Nanoporous electrodes of phase-dealloyed Fe83.3-xCoxSi4B8P4Cu0.7 (x = 4, 10 and 20 at.%) precursors with superior Redox performances and high stabilities

Abstract

Co substitutions for Fe83.3Si4B8P4Cu0.7 precursors are effective to stabilize the nanoporous structures during dealloying in H2SO4 solutions and improve Redox performances of nanoporous electrodes in alkaline conditions. Heterogeneous nanocrystalline structures of Co-substituted Fe83.3-xCoxSi4B8P4Cu0.7 (x = 0, 4, 10 and 20 at.%) alloys consist of two phases: α-Fe(Co) phases and continuously distributed residual amorphous phases.

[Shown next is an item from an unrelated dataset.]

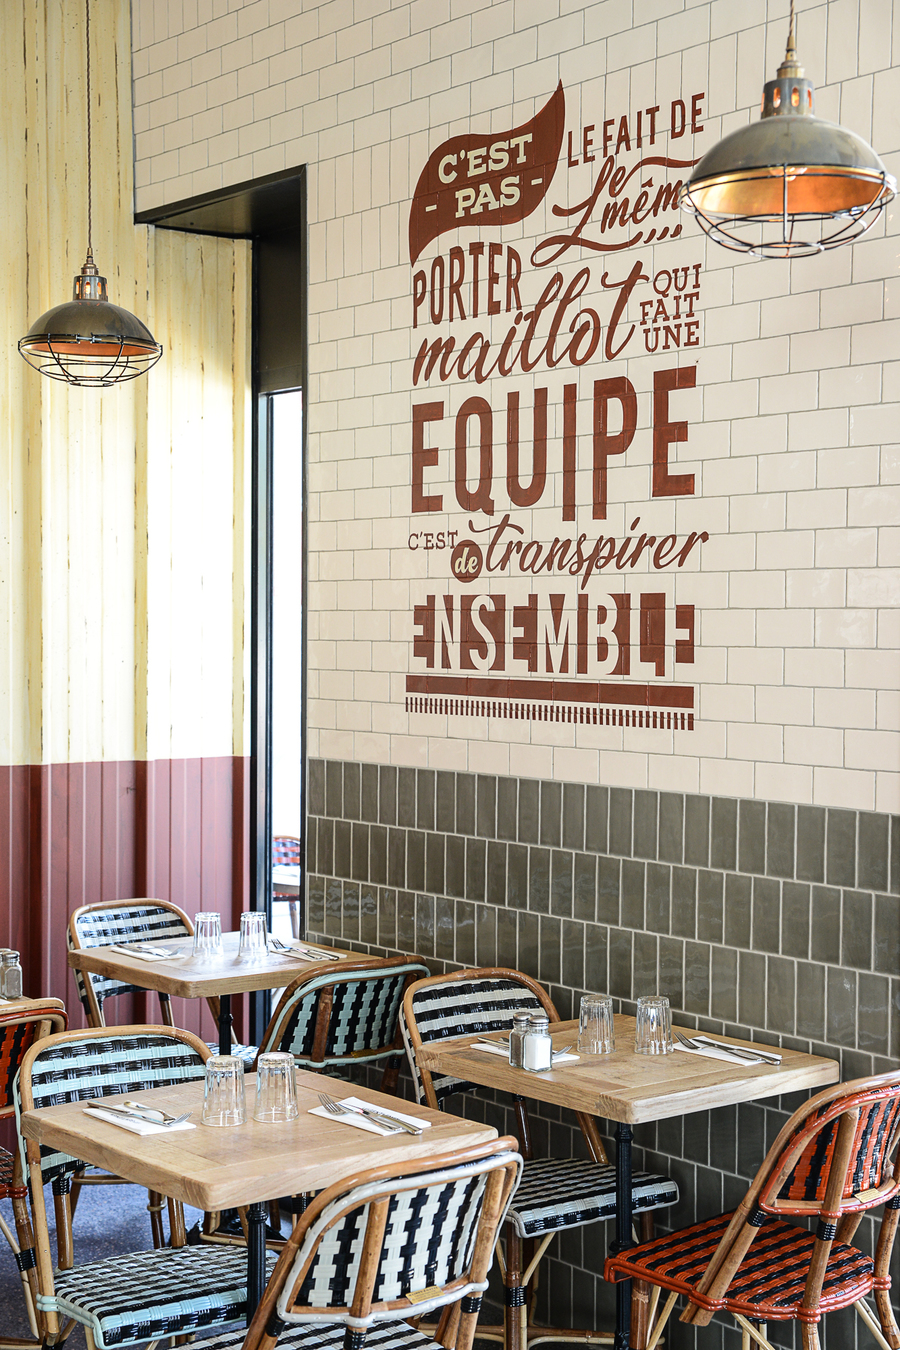 Le Studio Emma Roux a décoré le restaurant les Gentlemen de Nanterre ainsi qu'a l'identité visuelle de ce bistrot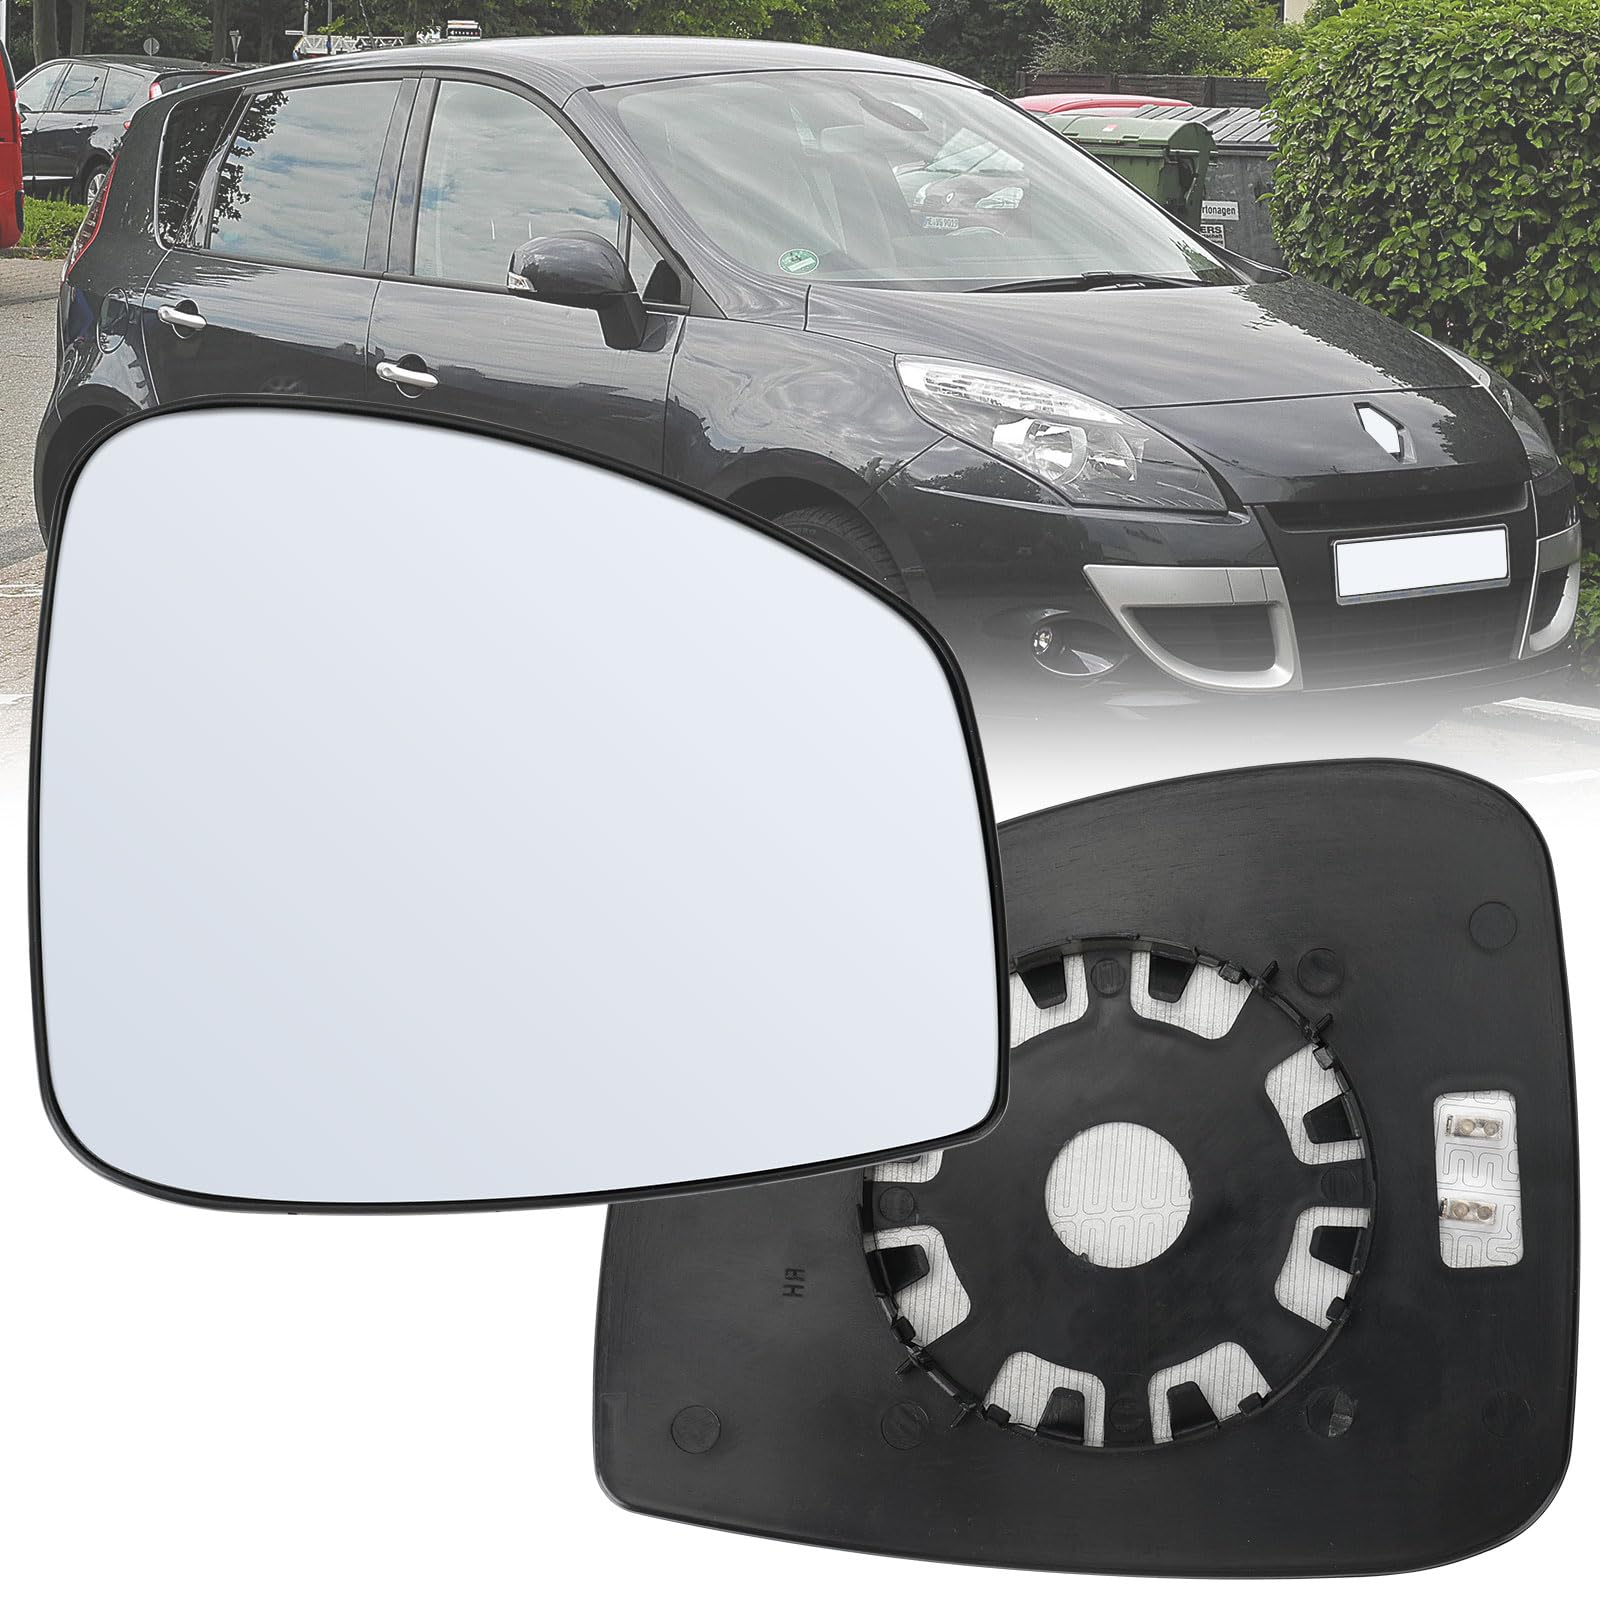 Spiegelglas Ersatz für Renault scenic MK3 2009-2015, Außenspiegel Glas Asphärisch, Außenspiegel Verstellbar Geeignet, Umkehrlinse Rückfahrglas Spiegel (Rechts) von JinsenTGG

The nanopores on as-dealloyed Fe-Co-Si-B-P-Cu alloys are smaller in size with higher Co concentrations. This is ascribed to the finer α-Fe(Co) phases distributed in the precursor alloys after nanocrystallization. Nanoporous architectures after dealloying inherit the microstructural characteristics of Fe-Co-Si-B-P-Cu precursor alloys. The short-term and long-term CV curves of nanoporous Redox electrodes in 0.5 M KOH solution demonstrate that Redox reactions have been enhanced by partial substitution of Fe by Co and the best Redox performance can be obtained on as-dealloyed Fe79.3Co4Si4B8P4Cu0.7 alloys because of the highest Redox peak current density of 90 mA cm−2 after 150 CV cycles. However, the stabilities of nanoporous Fe79.3Co4Si4B8P4Cu0.7 electrodes have a predictable decline due to the overgrowth of Fe3O4 octahedra and destruction of the ligaments during long-term Redox cycling. On the other hand, the better Redox stabilities has achieved on as-dealloyed Fe63.3Co20Si4B8P4Cu0.7 alloys with stable oxidation peak current densities of 45–47 mA cm−2 from 950 to 3000 CV cycles, about 2.3 times the nanoporous Co-free Fe83.3Si4B8P4Cu0.7 electrodes. The stabilities are considered to result from the relatively small Fe3O4 octahedra, the stabilization of the amorphous Co3O4 outmost layers and the transformation of amorphous and crystalline Co3O4 phases during long-term Redox cycling. The Co substitution of Fe83.3Si4B8P4Cu0.7 precursor alloys can achieve the high Redox performances and good stabilities of nanoporous electrodes.